5. Andy Kaufman once took his entire audience out for milk and cookies.

Kaufman eventually took his show to Carnegie Hall in 1979, where he was greeted by 2800 people who had come to appreciate his eccentric approach to performing. At the show's conclusion, he invited the entire audience to board buses waiting outside the building. Kaufman took them to the New York School of Printing in Manhattan, where he served the nearly 3000 attendees milk and cookies. He later gave them a ride on the Staten Island Ferry.

6. Andy Kaufman thought about franchising Tony Clifton.

One of Kaufman’s great ruses on the public was dressing as the abrasive lounge singer Tony Clifton, complete with prosthetic chin and torso padding, all while insisting Clifton was an entirely different person. Kaufman sometimes enlisted associates, including his brother Michael and his writing partner Bob Zmuda, to put on the make-up. In 2013, Michael told Vice that Kaufman’s plan was to have Clifton become a roving character. “Andy had been talking about franchising Tony Clifton before he died,” Michael Kaufman said. “He was going to have one in every state.”

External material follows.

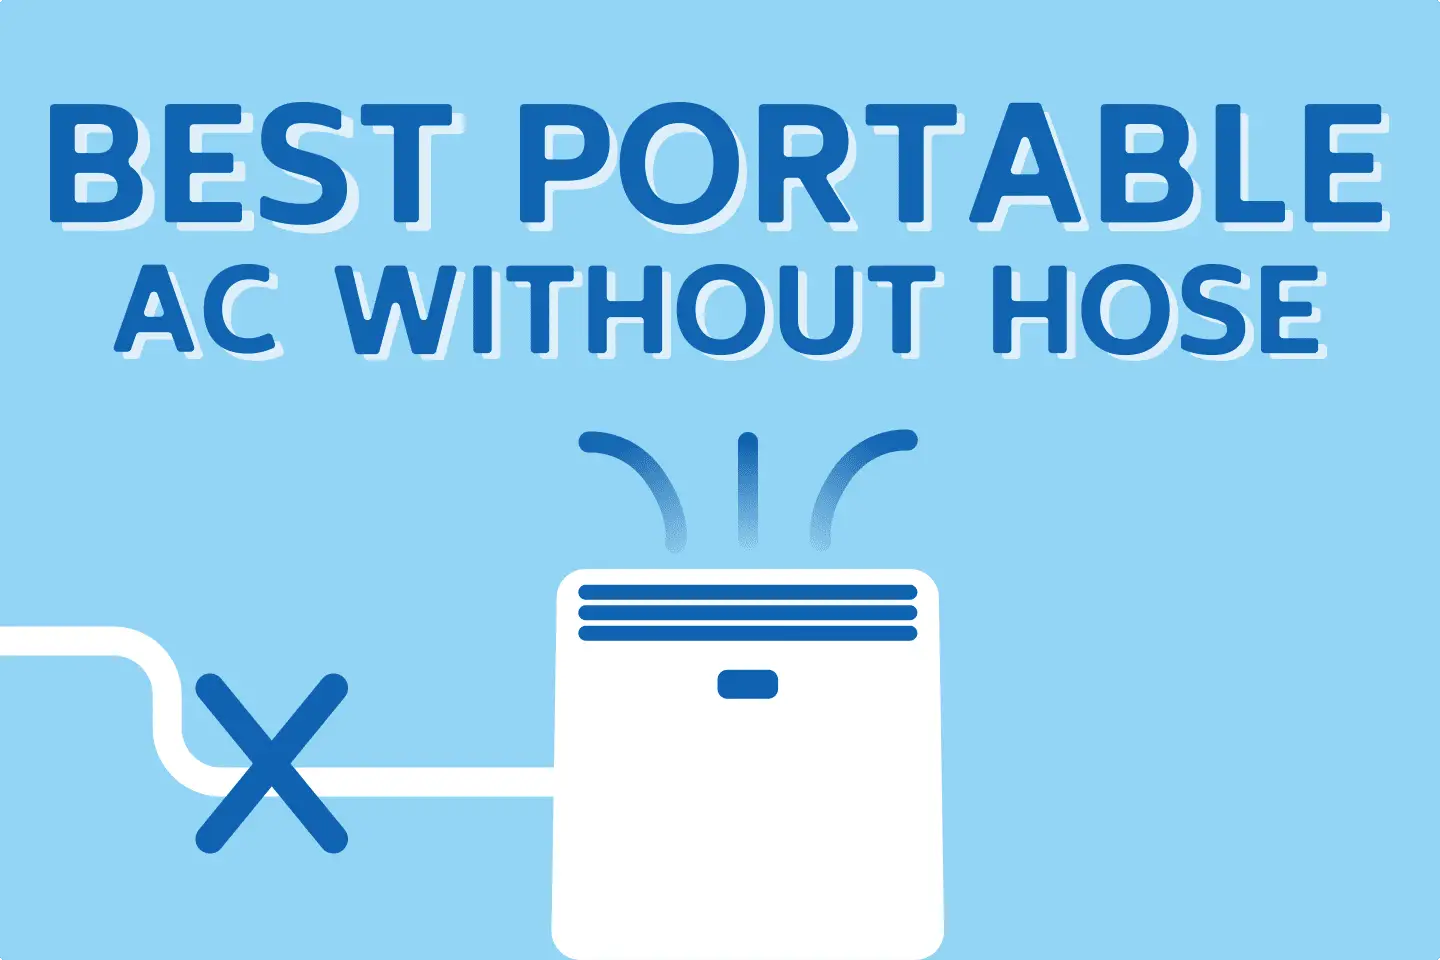 5 Best Portable Air Conditioners Without Hose

7. Andy Kaufman insisted on an Andy Kaufman stand-in for Taxi.

When Kaufman agreed to appear on Taxi (1978-1983) as Latka Gravas, a version of the “Foreign Man” character he had been performing on stage, he had a peculiar request: He wanted to be expected on set for only two of the five shooting days for each episode. While Kaufman didn’t seem to want to do it at all, the paycheck allowed him to pursue his more experimental brand of comedy. Producers agreed. In 2018, co-star Carol Kane, who played Kaufman's love interest, told The Hollywood Reporter that the cast “would work with a fake Andy who wore a sign around his neck that said ‘Latka.’”

Kaufman also showed up to shoot an episode as his alter ego Tony Clifton, insisting that he was not Kaufman. Star Judd Hirsch got so angry that he had Clifton thrown off the set.

8. Andy Kaufman broke character for Orson Welles.

While there were certainly times Kaufman spoke from the heart, it was rare to see him break any one of his myriad characters in front of an audience. That happened—fleetingly—when Kaufman appeared on The Merv Griffin Show in 1982 on a night it was being guest-hosted by legendary film director Orson Welles. Sporting a neck brace from his stint in professional wrestling, Kaufman didn’t keep up appearances for long. After Welles told him he was “fascinated” by his characters, talk turned to Kaufman’s “Foreign Man,” his Elvis Presley imitation, and his “third character,” Tony Clifton. “Well, he wasn’t a character,” Kaufman said, correcting himself. “There’s a lot of debate over whether it’s a character or a real guy, and that’s Tony Clifton, but that’s a whole other story.”

“That’s metaphysics,” Welles replied.